This article by Kira Cochrane is excellent – “Creepshots and revenge porn: how paparazzi culture affects women” in The Guardian:
The story prompts questions about why there is such a market, and therefore audience, for these pictures. As others have pointed out, it is not as though there is any dearth of bare breasts, consensually exposed and shared, on the internet. The answer involves a familiar combination of desire and humiliation. There is an interest in seeing not just any breasts, but all breasts, a sense that female bodies are public property, fair game – to be claimed, admired and mocked…

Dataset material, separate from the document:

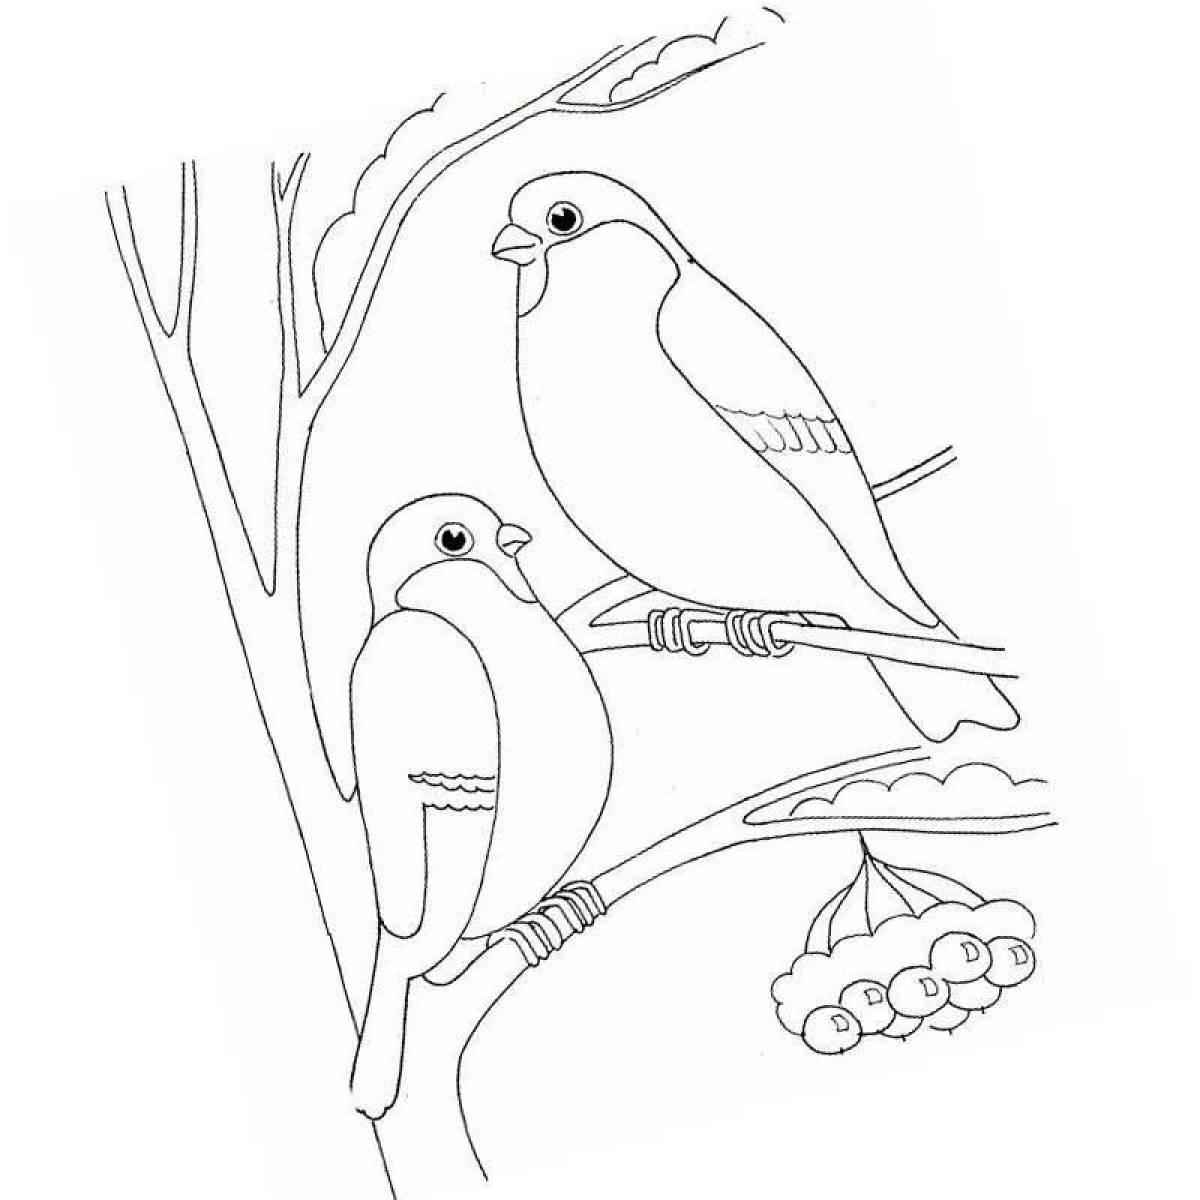 Incredible bird coloring book for 6-7 year olds

.. She says the argument goes: “‘You shouldn’t have given those pictures to that person’, or ‘You shouldn’t have been sunbathing in a private residence’, or ‘You should never, as a woman, take off your clothes in any context where anybody could possibly ever have a camera’. That’s been shocking to me, that people aren’t just outraged and furious about this, but they’re actually making excuses for this behaviour, and blaming women for ever being sexual any time, at all.
“Even in a completely private setting, within a marriage – it couldn’t be any more innocuous than the Middleton situation – and yet people are still saying things like: what was she expecting, she’s famous and she’s got breasts, and therefore she’s got to keep them covered up all the time. I do think it’s a rage against women being sexual on their own terms. We’re perfectly fine with women being sexual, as long as they are objects and they’re passive, and we can turn them on, turn them off, download them, delete them, whatever it is. But as soon as it’s women who want to have any kind of exclusionary rights about their intimacy, we hate that. We say, ‘No, we’re going to make a whore out of you’.”
Oh god, the patriarchy has such a very, very, very murky way of responding to female sexuality.
I’m not sure that simple (partial!) nudity should be considered necessarily sexual (therefore the reference to “women being sexual on their own terms” is problematic for me in the context of sunbathing. To me Cochrane’s message sounds a bit like “women own themselves as sex objects”; I would prefer, “women’s naked bodies are not necessarily sex objects, like when they’re sunbathing nude, or when they’re in the shower, or when they’re breastfeeding.”
I appreciate that Cochrane comes down on the side of women having a right to their bodies, but I have a problem with this being defined as primarily a sexual right. That kind of stance fails to challenge the idea that women’s bodies are first of all/most importantly for sex.
I noticed that implication too. I’m pretty sure I’m not always being sexual when I sunbathe topless. It just feels nice.